A cold, metal finger pressed into his nose.
Peter bit his own lip.
For the first time that conversation, Peter became cognizant of everyone else in the room. And he heard snickering.
"Wow, you actually did it!" crowed Mr. Stark. "That's incredible!"
"He really takes after you, Tony," Natasha said with a fond, sly smirk.
Peter tried to glare at them, but it didn't work very well. He was too busy being embarrassed and terrified.
Bucky smiled. "That's better." He pulled his finger off of Peter's nose and sat down slowly, looking exhausted. "It's all right, kid, there's no secret." His voice dropped to a rasp. "Everyone knows I crash in Stevie's room when the nightmares get bad."
"Well, sure," Peter blurted, "I mean, it isn't like it's—" He blinked as it finally clicked in his head. "Wait, nightmares?"
Bucky stared at him flatly. "Yeah, nightmares. I was in a war, tortured, and brainwashed for seventy years. You think I don't get 'em?"
"Oh." Peter slumped and shuffled his hands between his knees. "Well, now I feel like a jerk."
Bucky sighed. "No, Pete..."
"But, wait," Peter frowned, "if—if it was just that, then why were you—?"
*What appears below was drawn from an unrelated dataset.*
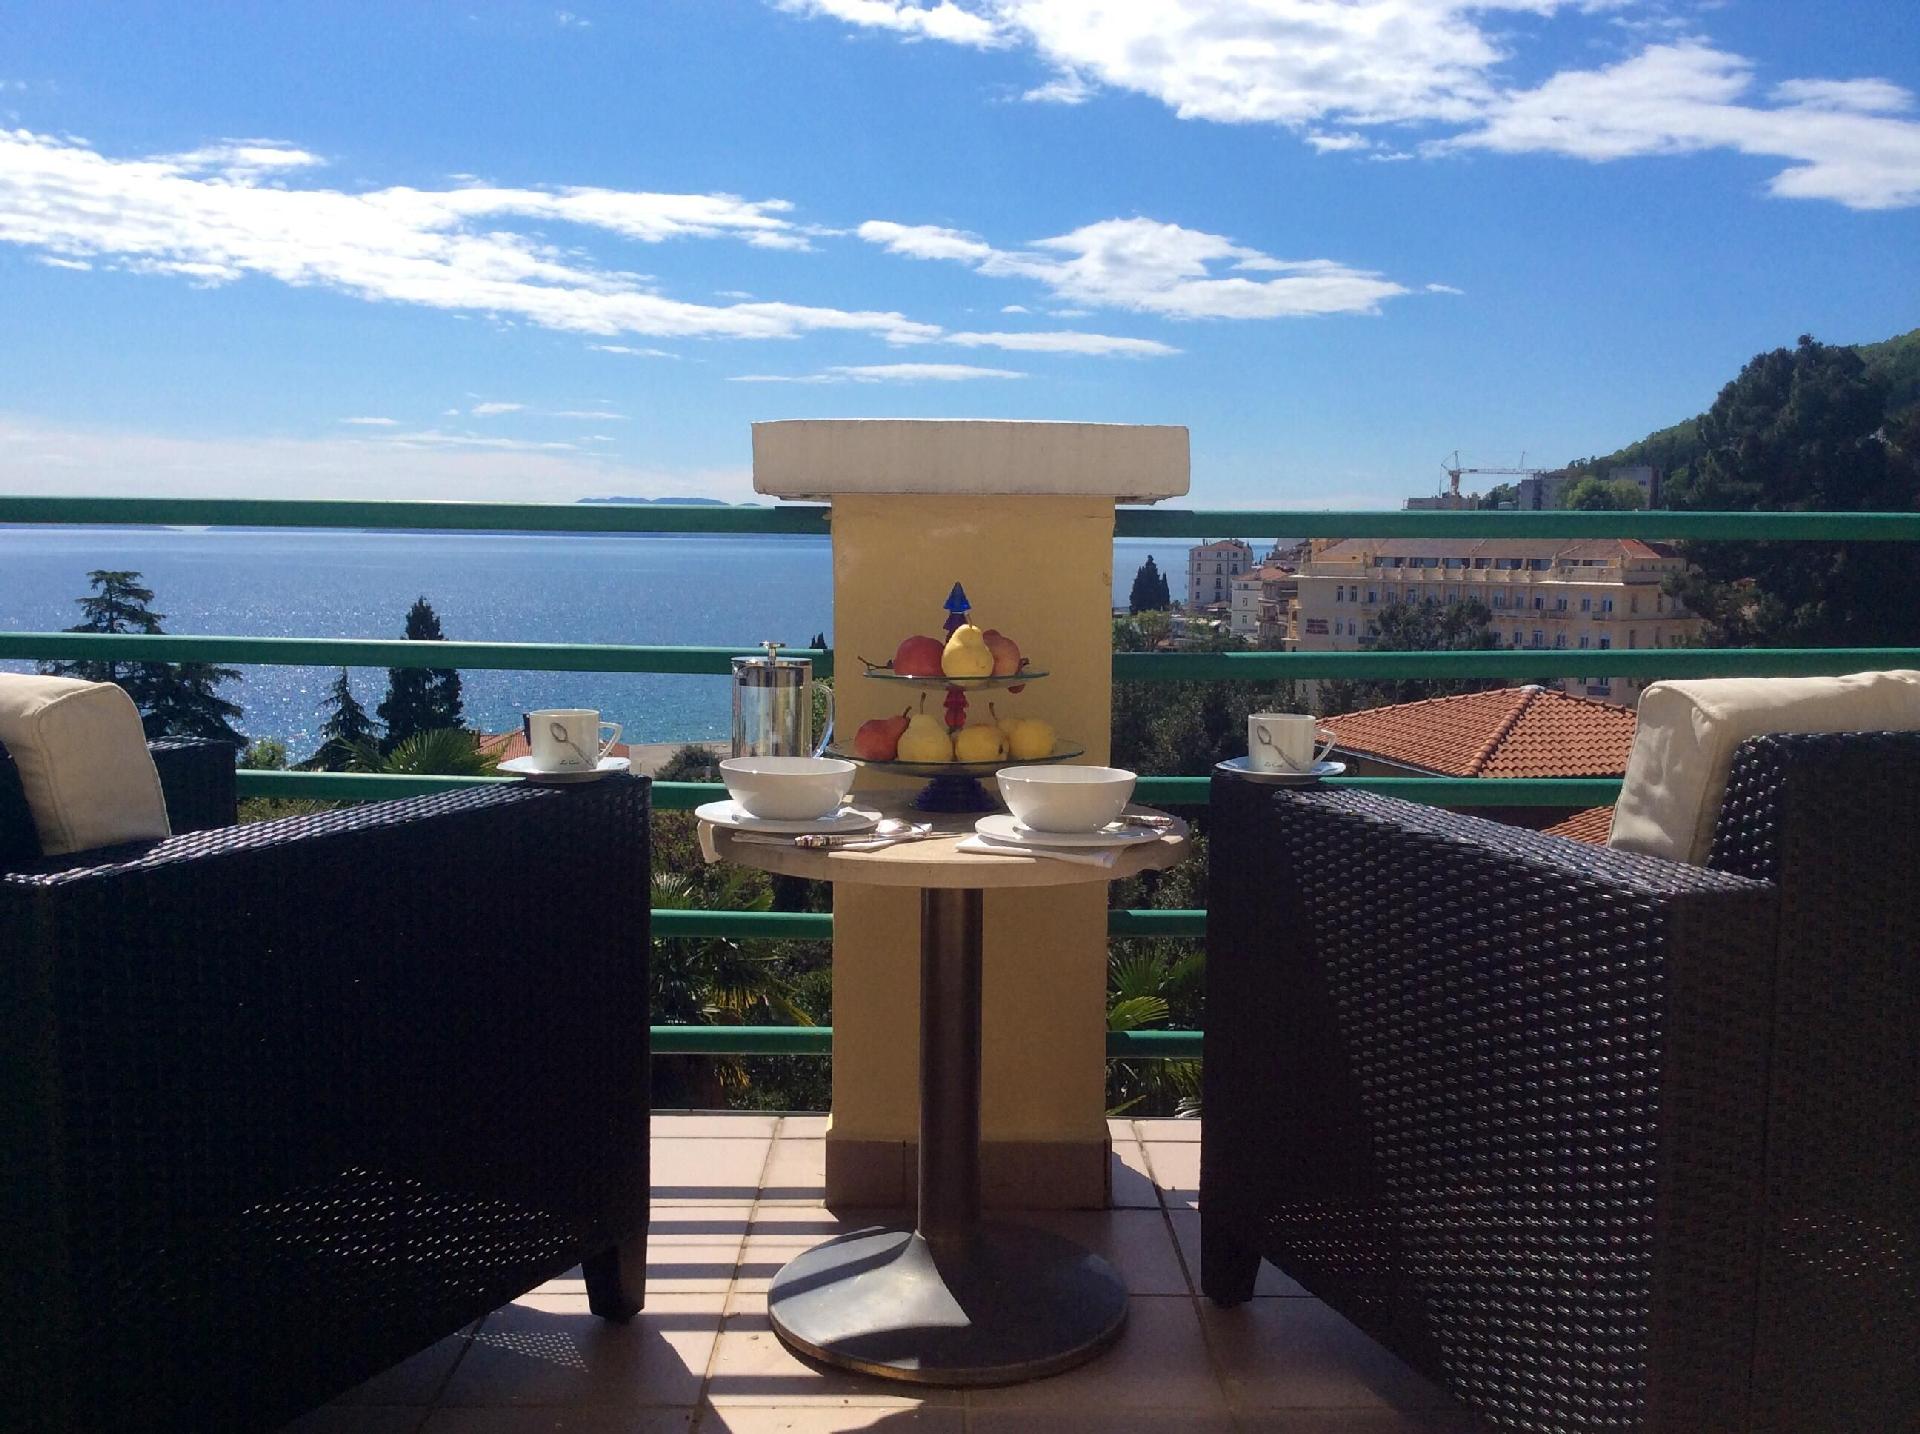 Ferienwohnung in einer Villa mit Terrasse und Meer Ferienhaus in Kroatien

"What's going on here?" Mr. Steve stepped up from behind them, and his hand rested loosely on Bucky's shoulder.
Peter stiffened.
'Cause that was Captain America.
The Captain Frickin' America.
Peter wanted to wither up and die. "Uh—eh—why—"
Bucky frowned. "Just finish the question, Pete."
"So—" Peter looked from Steve, back to Bucky, and then back to Steve again. "So, wait, you weren't—I mean, you're not—?"
Mr. Steve looked confused. Bucky looked confused and tipped his head slightly to the side.
Peter's voice was tiny, and his face was flaming red, and he stuffed his hands between his knees.
"You know. Canoodling?"
Mr. Steve's jaw dropped. Bucky put his face in his hand. Several voices around the table burst into laughter.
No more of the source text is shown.